Working with parent groups. Parent groups not only provide support to families but also allow parents to share their experiences with other parent members of the group (Rodrigo, Almeida, Spiel, & Koops, 2012). Such support systems empower parents to learn and therefore can serve as a platform for the parent training to happen. Knowing that SES-disadvantaged families may not actively participate in social groups of this kind, such groups should consider including a broader scope (e.g., child development rather than specific focus on ASD) to reduce the resistance due to the stigma of ASD and to increase the acceptance level of other family members (specifically the grandparents). Needless to say, ASD-focused activities and trainings surely should be included. A well-trained parent member of the group can later serve as a consultant or trainer for other parent members. One of the main advantages of this approach is that the trained parent members can share the obstacles and experiences their family is facing and can provide a more culturally relevant and sensitive training for the new parents.

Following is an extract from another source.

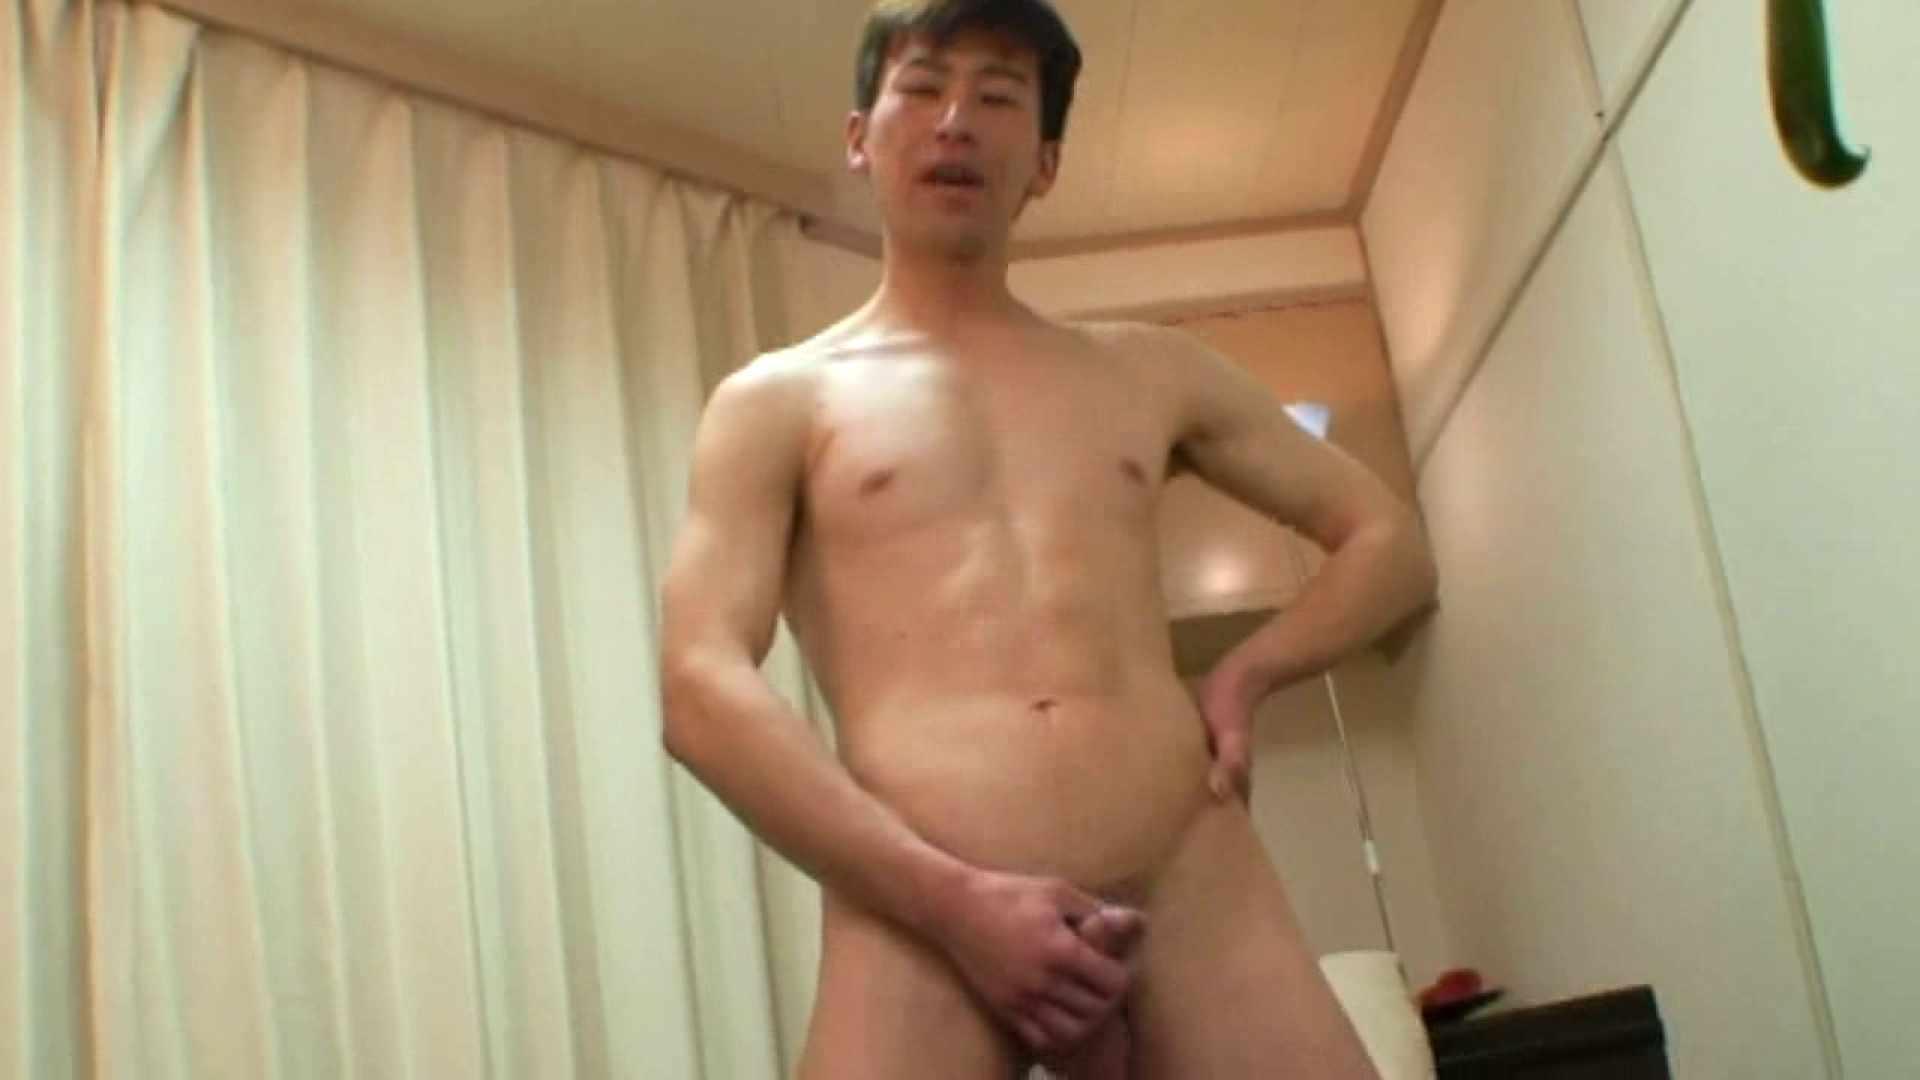 ノンケ!自慰スタジオ No.19 ノンケ達のセックス ゲイエロ動画 65画像 47

Families living in disadvantaged SES status in Taiwan are likely minorities, new immigrants, or residents outside of major cities. These families often are more comfortable in speaking dialects or other languages (e.g., new immigrant mothers) rather than Mandarin Chinese. Therefore, it is crucial that the support groups or intervention training have the capacity to be implemented in dialects and native languages of immigrant mothers in order to make the training accessible to the families who are in great need.

Expanding the workforce

Taiwan is forecasted to become an aged society in 2018 and super-aged society by 2026 (Department of Human Resources Development, 2016). This means that those 65 years and older will account for 14.5% of the population by 2018 and 20.5% by 2026. However, between 2010 and 2015, men and women left their full-time workforce at age 63.3 and 60.6, respectively (Ministry of Labor Republic of China (Taiwan), 2015). With the increased life expectancy, this presents as an opportunity for retirees to spend their golden years making a difference by volunteering. Retired health-care professionals or educators who have worked in the fields related to child development or working with children with developmental disabilities could be a great resource to provide behavioral intervention after appropriate training. If such training is set up systematically and ongoing, these retirees can either implement the intervention at the child’s home or train the families/caregivers in groups at low or no cost. If this increasing number of retirees receives appropriate training, this may increase the likelihood that families residing in rural areas could be reached. Health-care professionals and teachers are often highly respected in the society; having them working with the families would make such training more accepting and convincing to the family.

Conclusion

The prognosis and outcomes of ASD are highly influenced by social and family contexts, poverty, cultural history, public policies, available programs, environment, and opportunities. Implementation of a parent-mediated evidence-based intervention presents a great potential in addressing major obstacles to intervention access for affected children and their families who are underserved in Taiwan (Tsai et al., 2015), although such intervention is still in the developing and adapting stages for many low-resource settings in the world (Blake et al., 2017) and in some communities in Taiwan.